Known installation for electric heating of the lining of ladle (Pat. 2604278 RF), containing a mechanism for moving the ladle, rod resistance heaters fixed on the lined cover, suspended by flexible rods on the traverse, lever lifts to move the traverse, which are installed on the work site.

The main disadvantage of the above installation is the limitation on the heating temperature, the fragility of the mechanical structure, and the low resource of the real life of the resistance heaters. The heaters are operational only if a number of technological measures are observed, such as limitation on power input to the heaters, heater temperatures; heaters are characterized by increased fragility, sensitivity of heaters to overheating and temperature gradients that occur when removing heaters from heated containers.

A device for controlled and continuous heating and melting of both metallic and non-metallic materials is known (Pat. 2361375 RF). The device includes one or more electrode assemblies with one or more power supplies for each electrode, in which each of the assemblies consists of two coaxial electrodes, the outer of which is hollow with the possibility of supplying gas to the cavity. The device includes independent mechanisms for moving any of the electrodes, incl. independently of each other in the axial direction to any location of the furnace space.

The disadvantage of the device is that heating the walls with an arc is associated with high power densities on the surface of the heated element, which can lead to cracking of the heated lining, and relatively uniform power is not provided on the entire surface of the heated object or melting vessel. If the electrode assembly is operated in an open autonomous mode, this will lead to an increased level of heater erosion in the arc operating zone.
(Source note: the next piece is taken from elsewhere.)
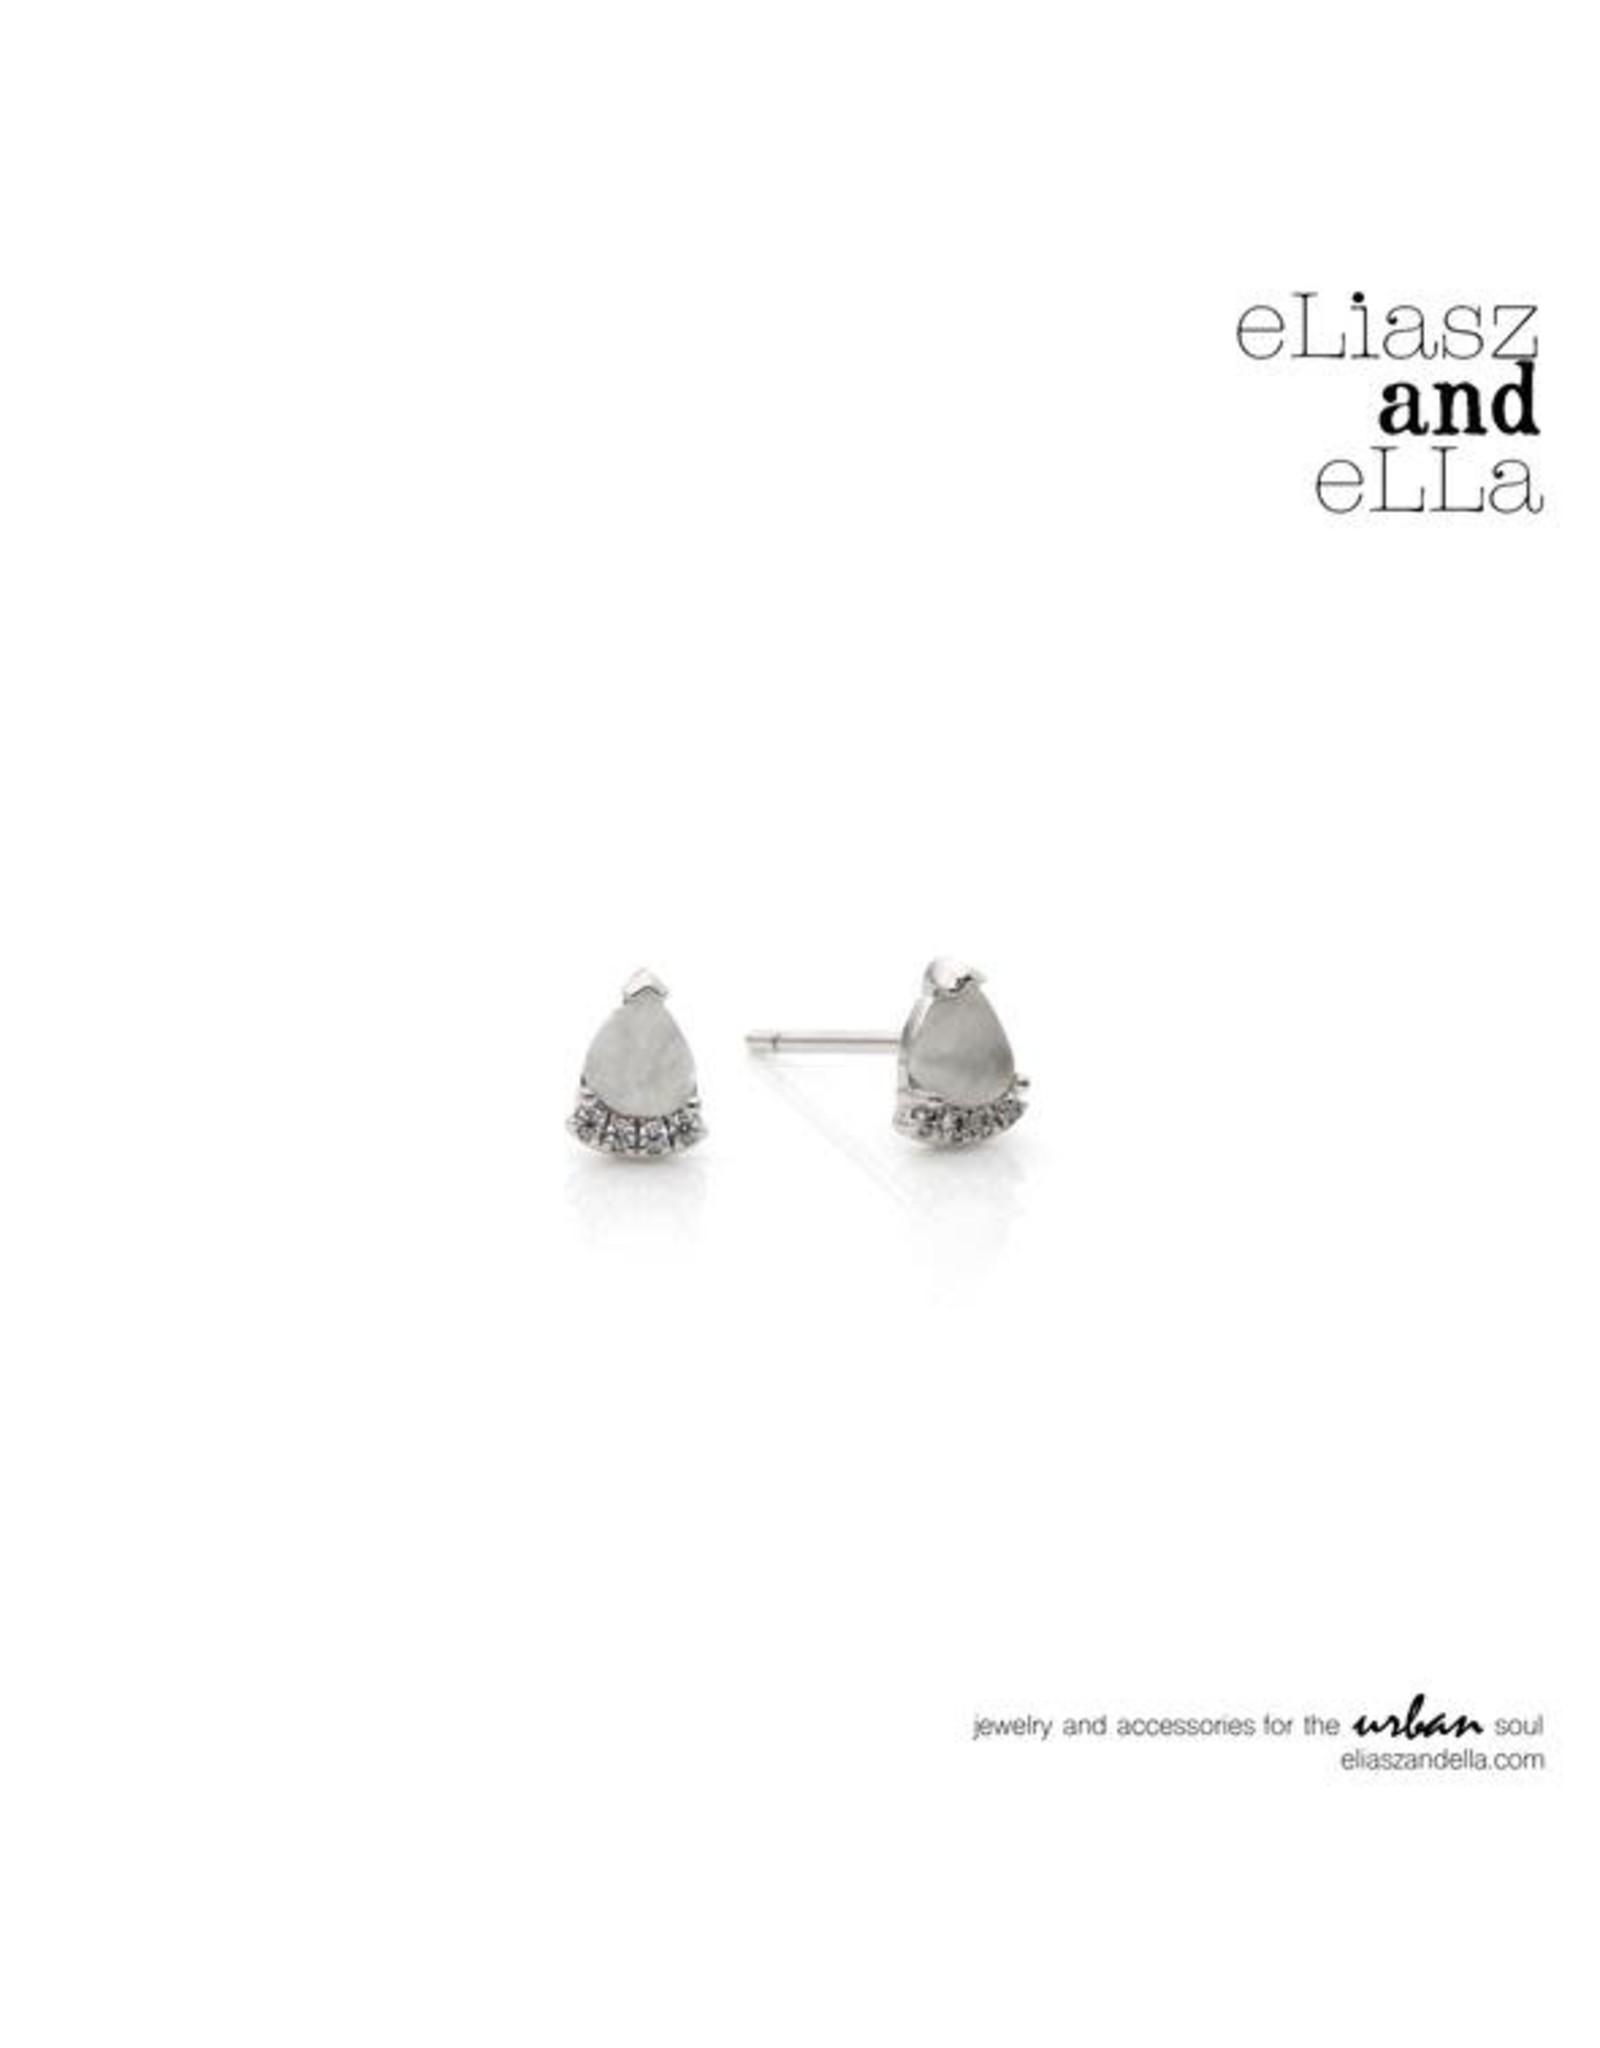 "eLiasz and eLLa Silver ""Dainty"" Studs Earrings"

A device is known for heating and melting "with a liquid start" of metals, alloys, refractory oxides and carbides and their mixtures (Pat. (19) KZ (13) A (11) 14141), containing a melting bath and at least two electrode assemblies, each of which consists of two coaxially arranged cylindrical electrodes separated by a cavity open at the top and bottom, the inner electrode of each electrode assembly has at its base a round symmetrically located plate with a diameter corresponding to the diameter of the outer electrode, and the outer electrode is made with the possibility of its axial movement relative to the inner electrode and closing with a round plate of the inner electrode. On the periphery of the circular plate of the inner electrode, an annular protrusion can be made towards the outer electrode. The electrodes can be coated with an exothermic mixture close in composition to the melt, with the possibility of energy release sufficient to heat the electrodes to the melting temperature of the melt.

The disadvantage of the device is that the arc burns openly, which will lead to excessive temperature gradients on the heated surface.
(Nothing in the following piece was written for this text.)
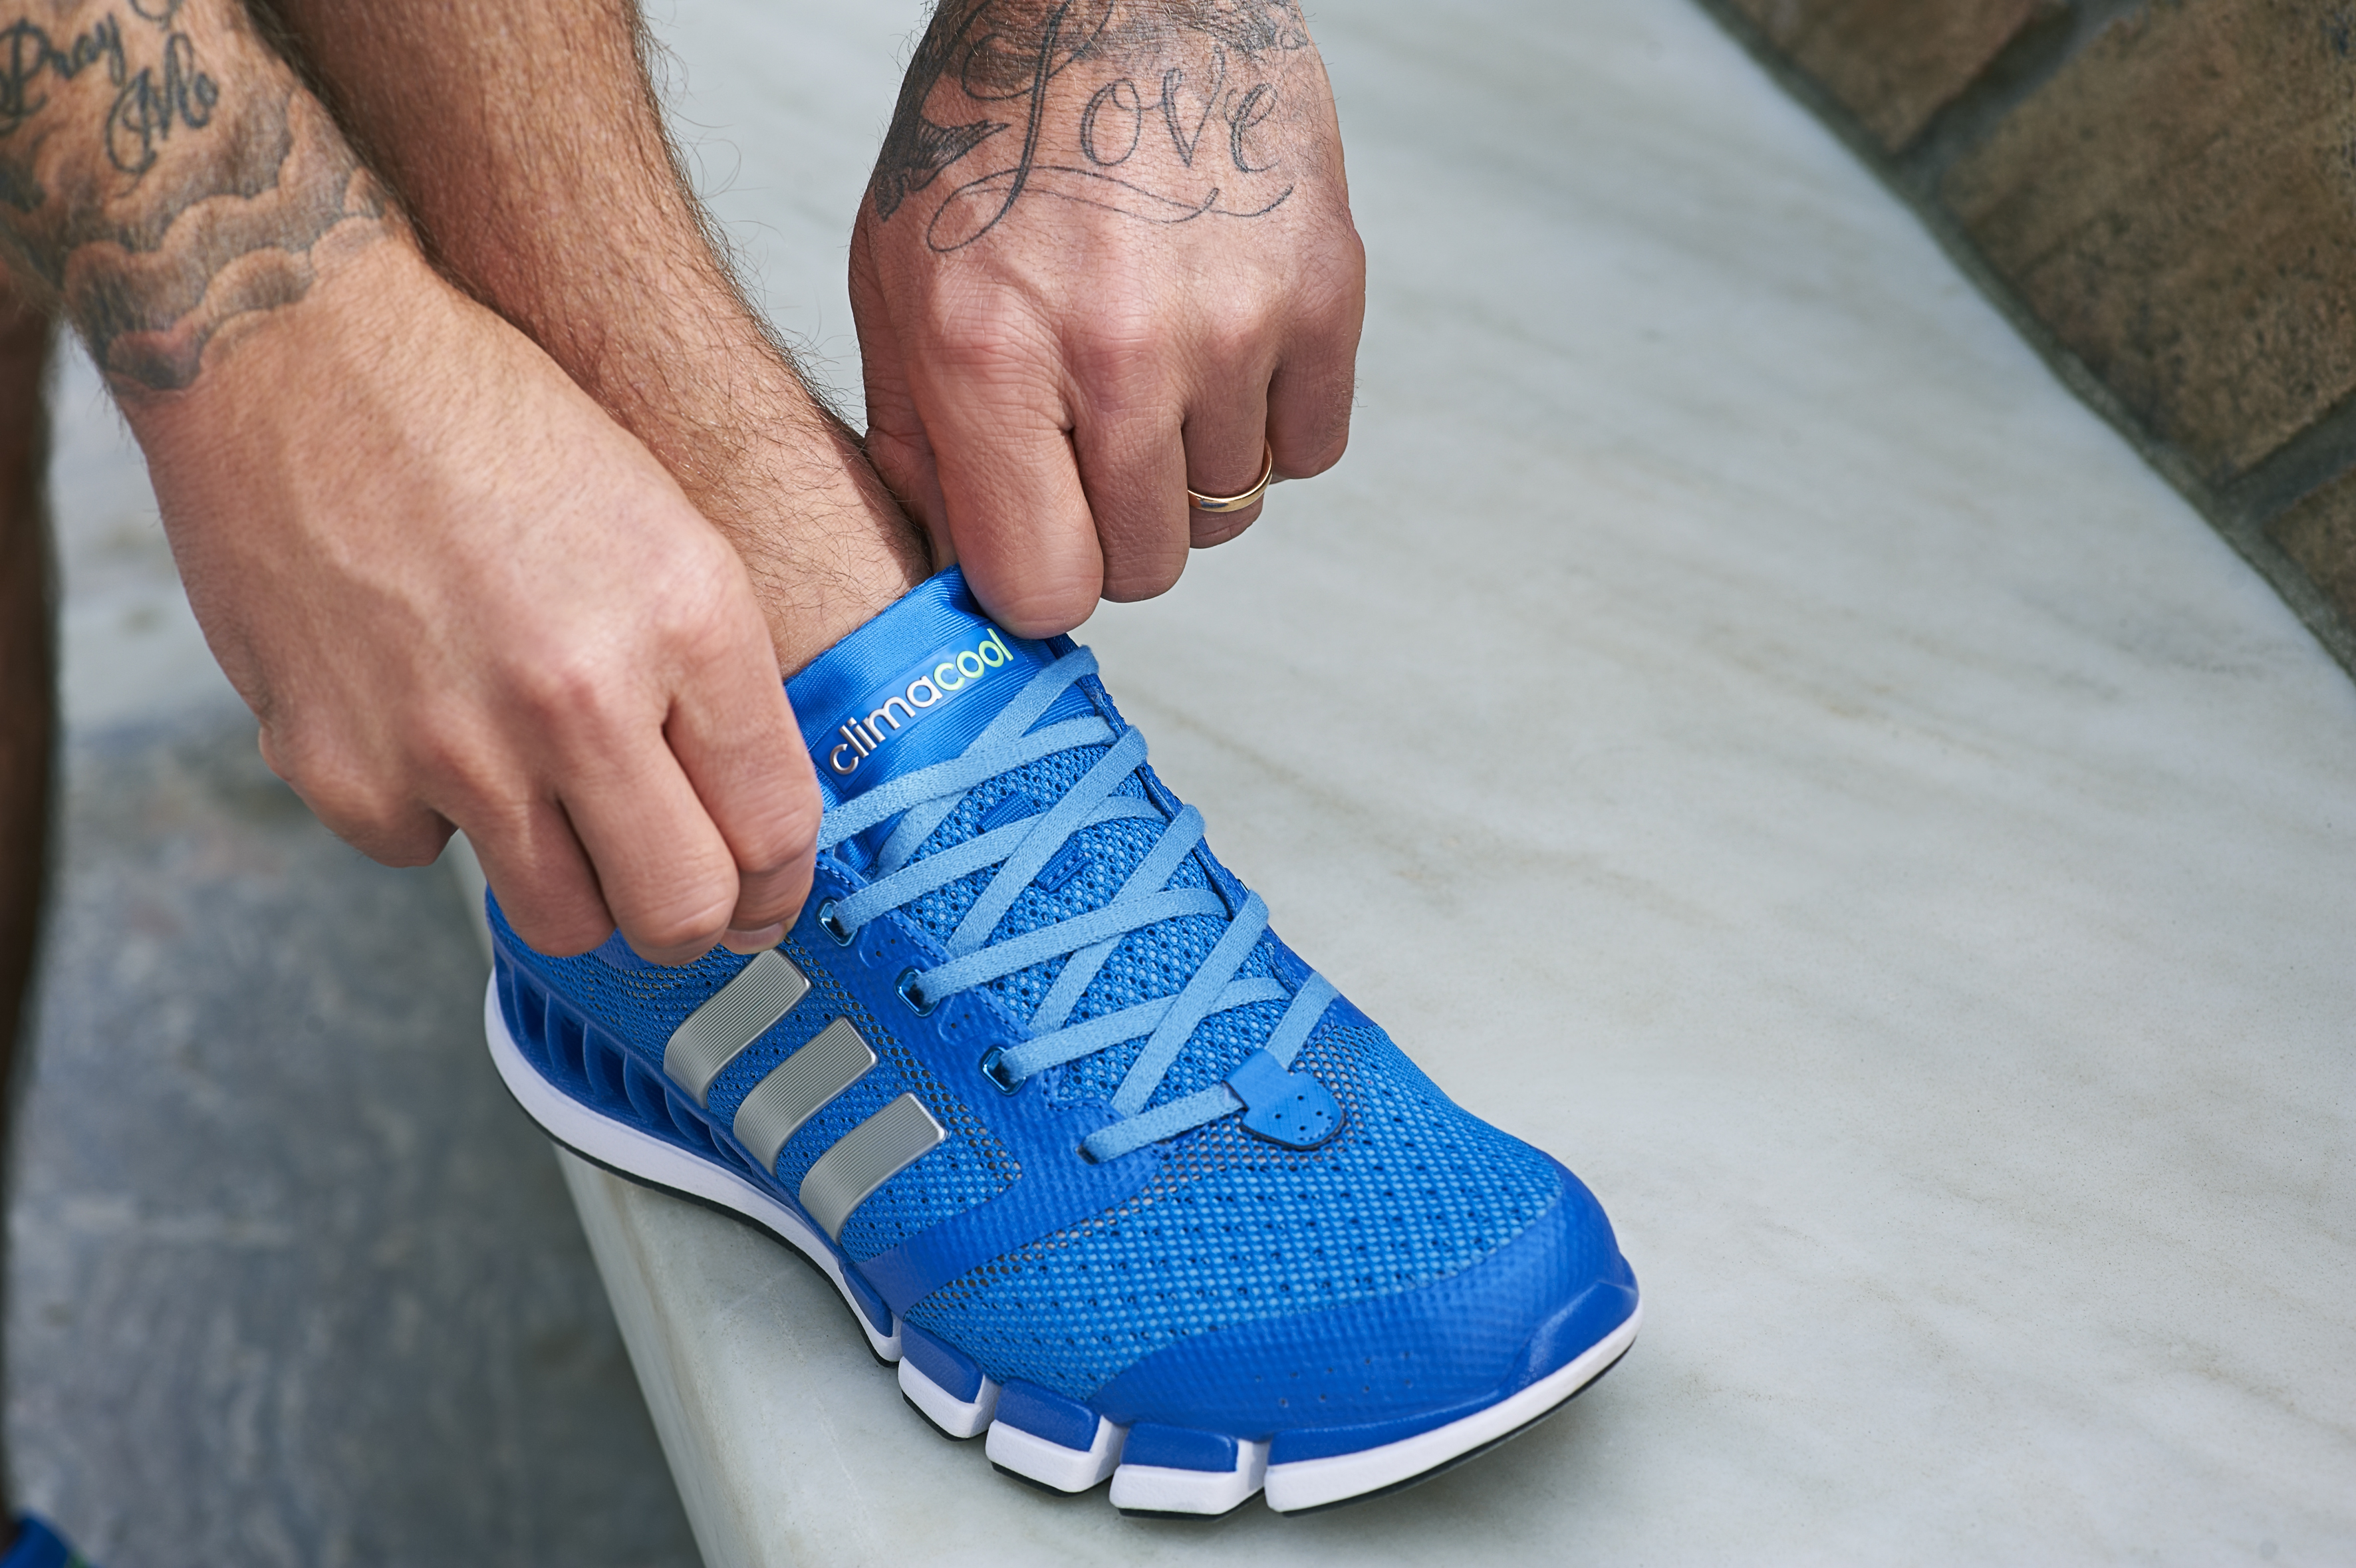 adidas climacool shoes blue

The objective of the invention is to develop a heating method and a device for its implementation, having a high thermal efficiency (90 - 95%), a long service life (from 1000 hours and more), the absence of harmful emissions into the environment, controlled thermal radiation power to the heated surface.
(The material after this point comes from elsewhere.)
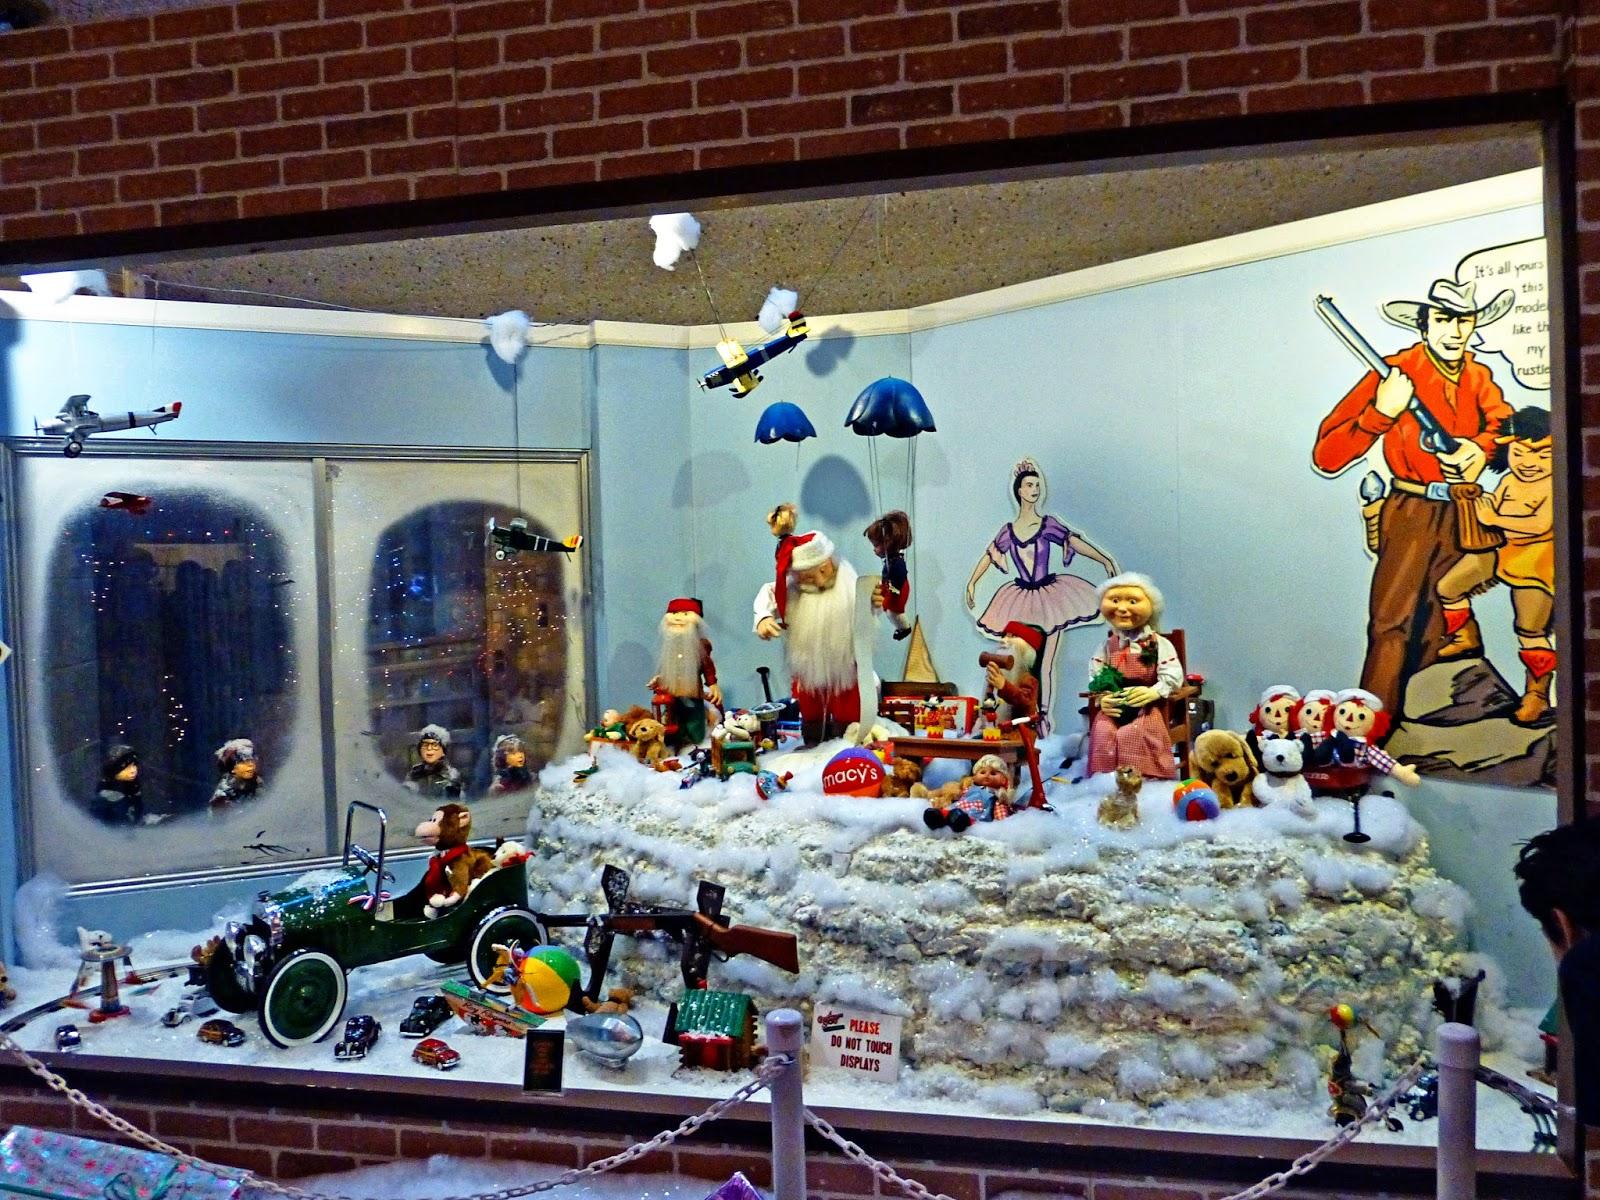 Theresa S Mixed Nuts Visiting A Christmas Story Window

The technical result is achieved by the fact that in a heating device containing one, two or more electrode units, with power supplies for each unit, each of which consists of two coaxially located electrically insulated electrodes from each other - external and internal, and the outer electrode is made hollow, enclosing the inner one, located coaxially with the outer one, with the possibility of supplying a protective gas into the cavity and keeping it in the cavity to protect the electrodes and to create an overpressure not less than the external pressure in the container, the possibility of supplying an electrically conductive, for example, carbon powder, into the cavity between them, external and the inner electrodes have attachment points and movement mechanisms, both on a common basis and independently of each other, while the relative position of the electrodes relative to each other and relative to the melting vessel can be different, the outer electrode is equipped with a hermetically sealed lid (plug) at the end.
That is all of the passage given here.